[Records supplied]
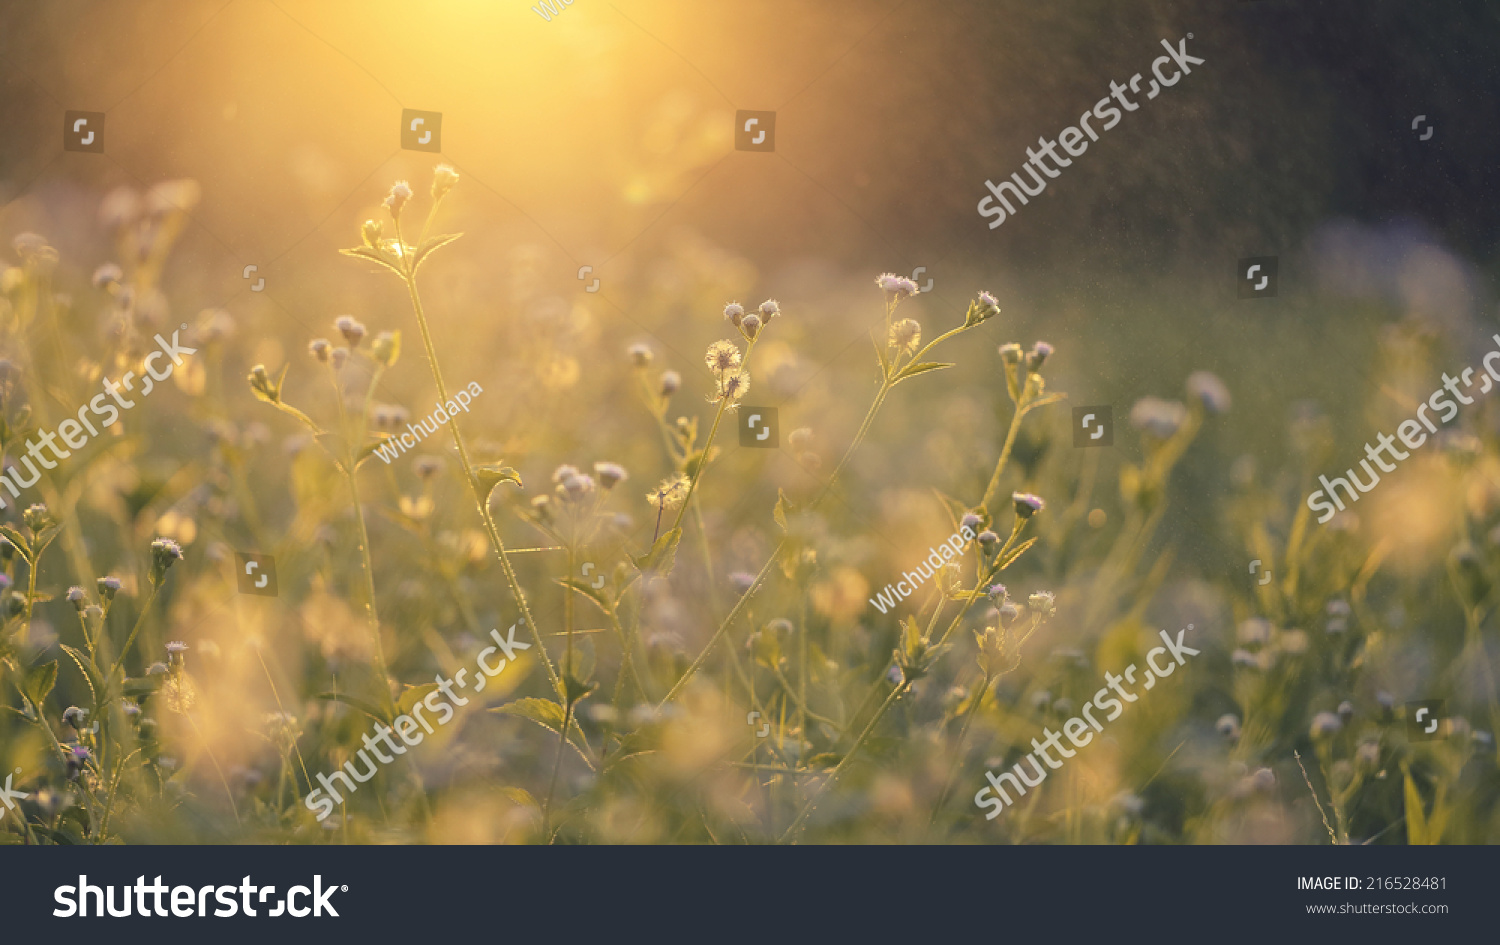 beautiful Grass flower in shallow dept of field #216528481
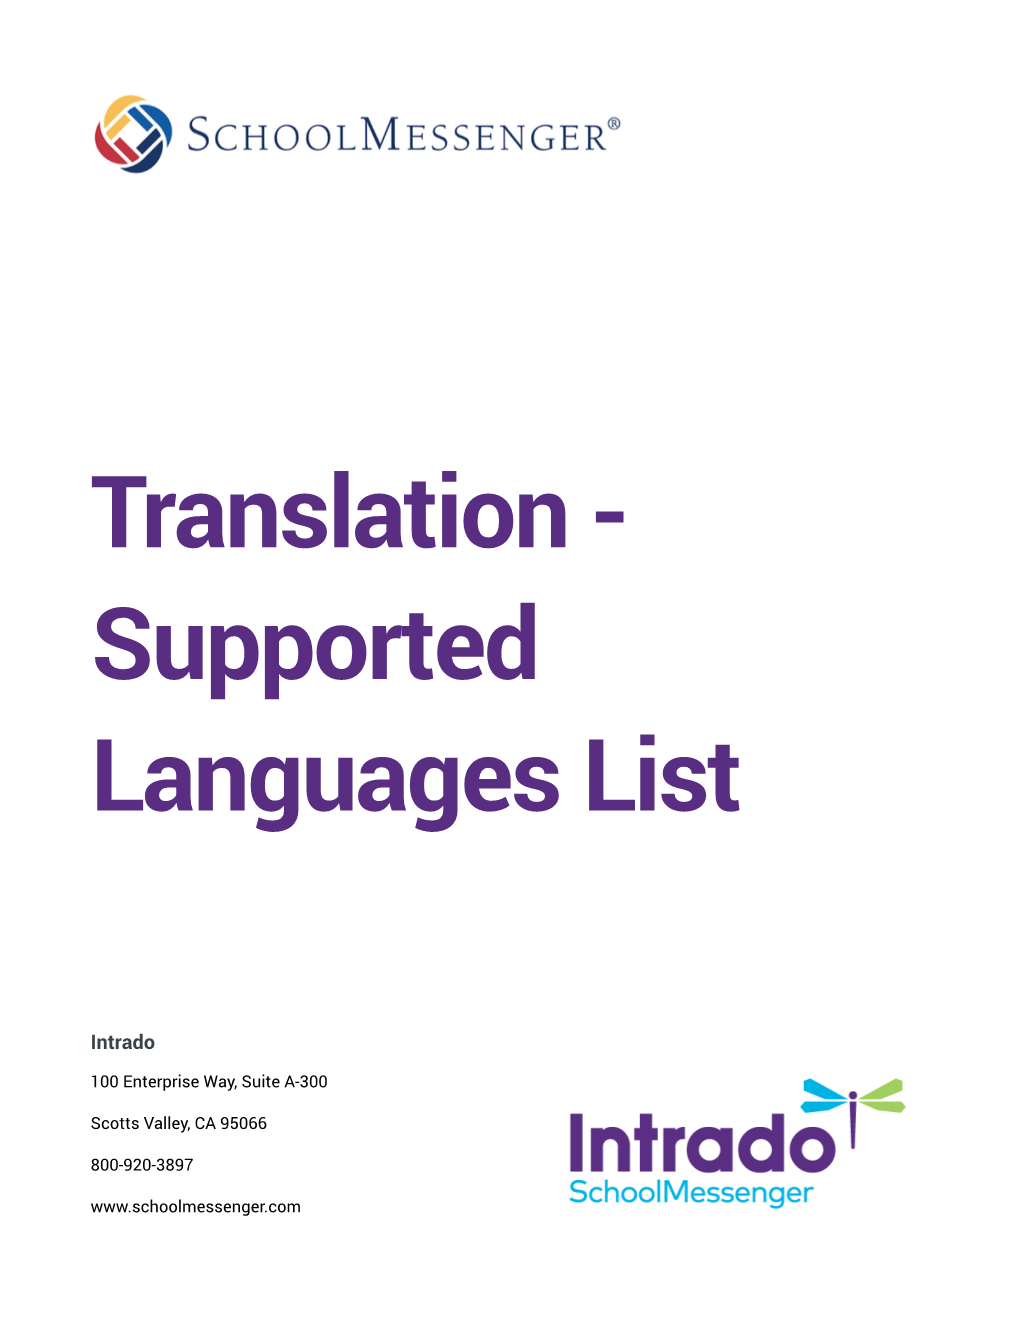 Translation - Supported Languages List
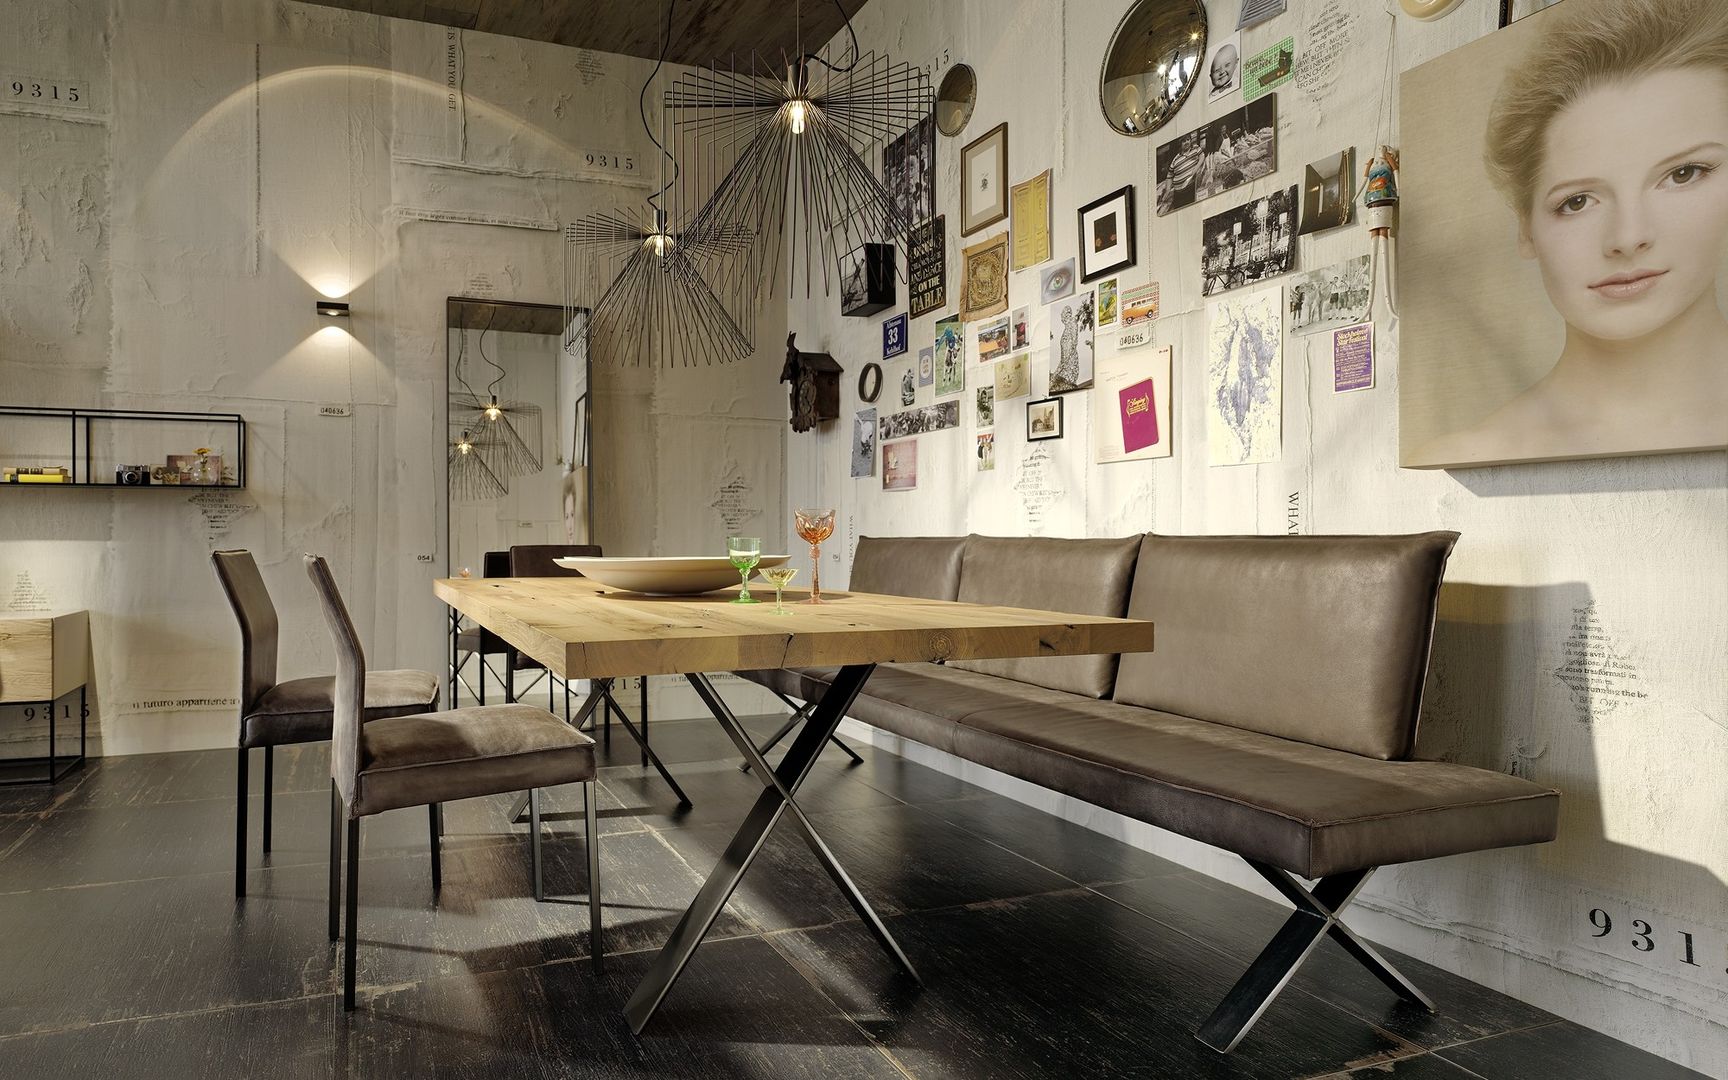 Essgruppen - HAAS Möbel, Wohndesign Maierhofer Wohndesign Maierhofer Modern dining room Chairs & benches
[/Records supplied]
[Records supplied]
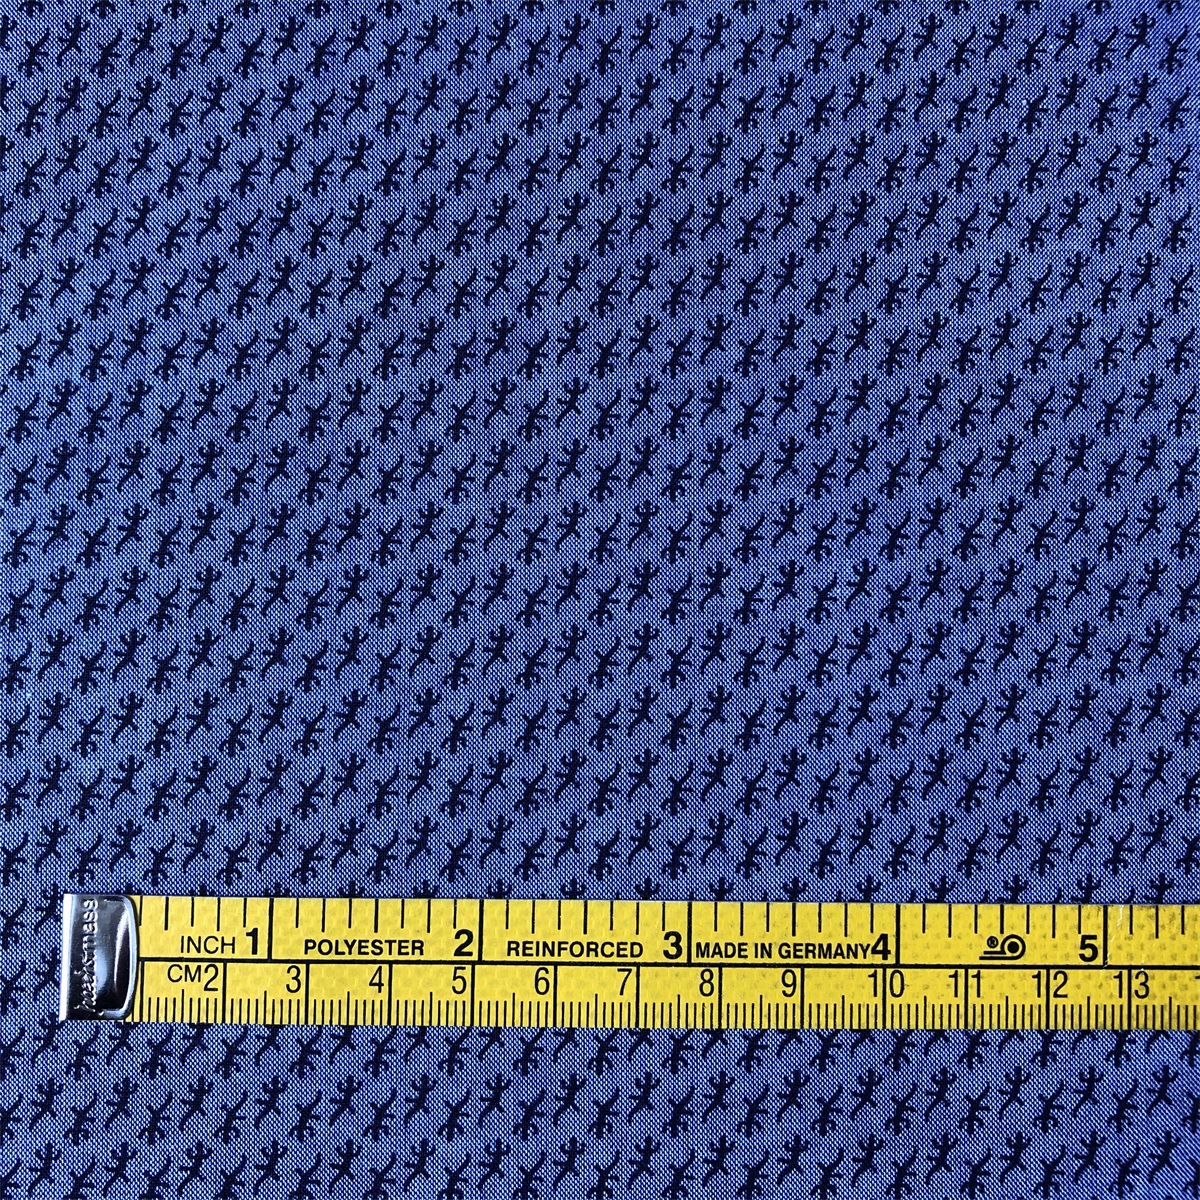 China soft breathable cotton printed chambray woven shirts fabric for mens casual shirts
[/Records supplied]
**Exercise goal**
Reproduce, exactly and only, the lines of the records above starting at the line with "beautiful Grass flower" and ending at the line with "Essgruppen - HAAS", both included. Leave every picture out.

**Reply**
 beautiful Grass flower in shallow dept of field #216528481
 Translation - Supported Languages List
 Essgruppen - HAAS Möbel, Wohndesign Maierhofer Wohndesign Maierhofer Modern dining room Chairs & benches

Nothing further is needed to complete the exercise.